In 1947, Paul Blobel was tried before the American military tribunal in Nuremberg. He was the commander of Sonderkommando 4a, the Einsatzgruppe unit responsible for the September 1941 massacre of Jews at Babyn Yar. Blobel was one of 24 defendants in the Einsatzgruppen Trial and pleaded not guilty. His defense argued that he had simply been following orders. Nonetheless, Blobel was convicted and sentenced to death. He was hanged at the Landsberg prison on June 8, 1951.

In 1959, Erich Koch, who had served as Reichskommissar in Ukraine, was tried and sentenced to death by a Polish court for crimes committed in occupied Poland during World War II. He was never tried or convicted for his war crimes in occupied Ukraine. Due to ill health, Koch’s sentence was commuted to life in prison. He died of natural causes in his prison cell at Barczewo prison in Poland on November 12, 1986. 

Postwar Memorialization

In the immediate decades after the war, Babyn Yar became a symbol of struggles over the memory of World War II and the Holocaust in the Soviet Union.

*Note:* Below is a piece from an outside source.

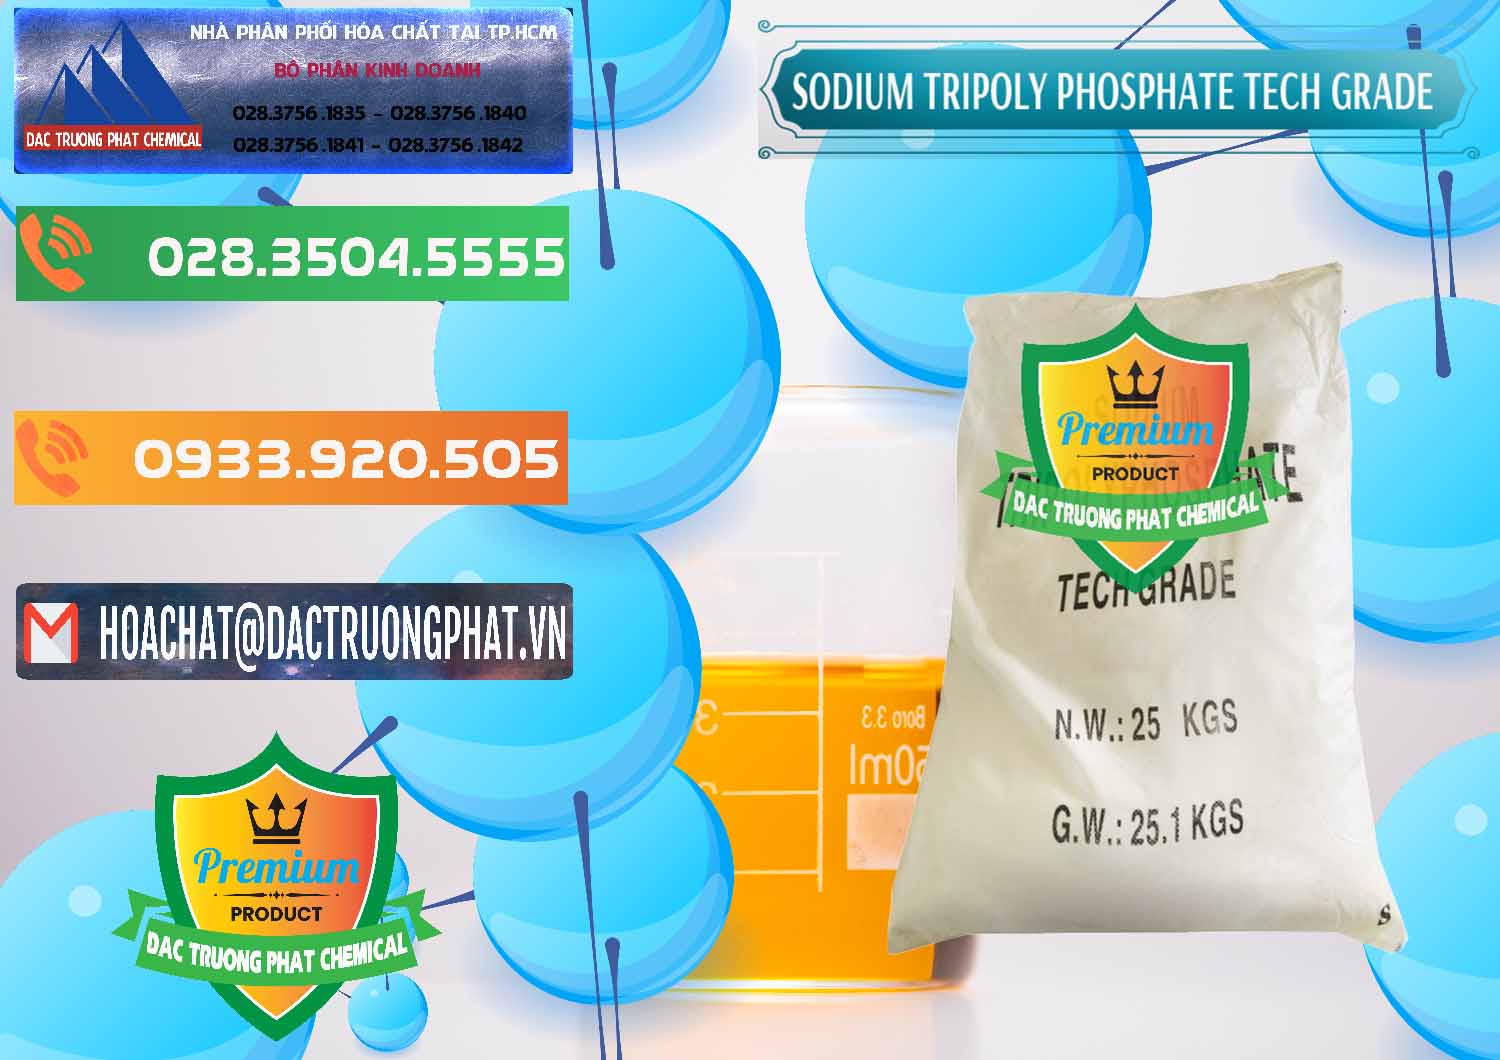 Bán - cung ứng Sodium Tripoly Phosphate - STPP Tech Grade Trung Quốc China - 0453 - Chuyên cung cấp _ phân phối hóa chất tại TP.HCM - hoachatxulynuoc.com.vn

Despite many efforts, there was no memorial at the site until the Soviets installed a monument in 1976. Deemphasizing the Jewish tragedy at Babyn Yar, the text on the monument referred to the site’s estimated 100,000 victims without indicating that approximately one-third of them were Jews killed in the late September 1941 massacre.

As the Soviet Union was dissolving in the wake of Ukraine’s declaration of independence in August 1991, a Menorah-shaped monument to the Jewish victims of Babyn Yar was erected on September 29, the 50th anniversary of the mass shooting. The site, which is now a public park, and the surrounding area have since seen a proliferation of monuments to various groups of victims of the German occupation.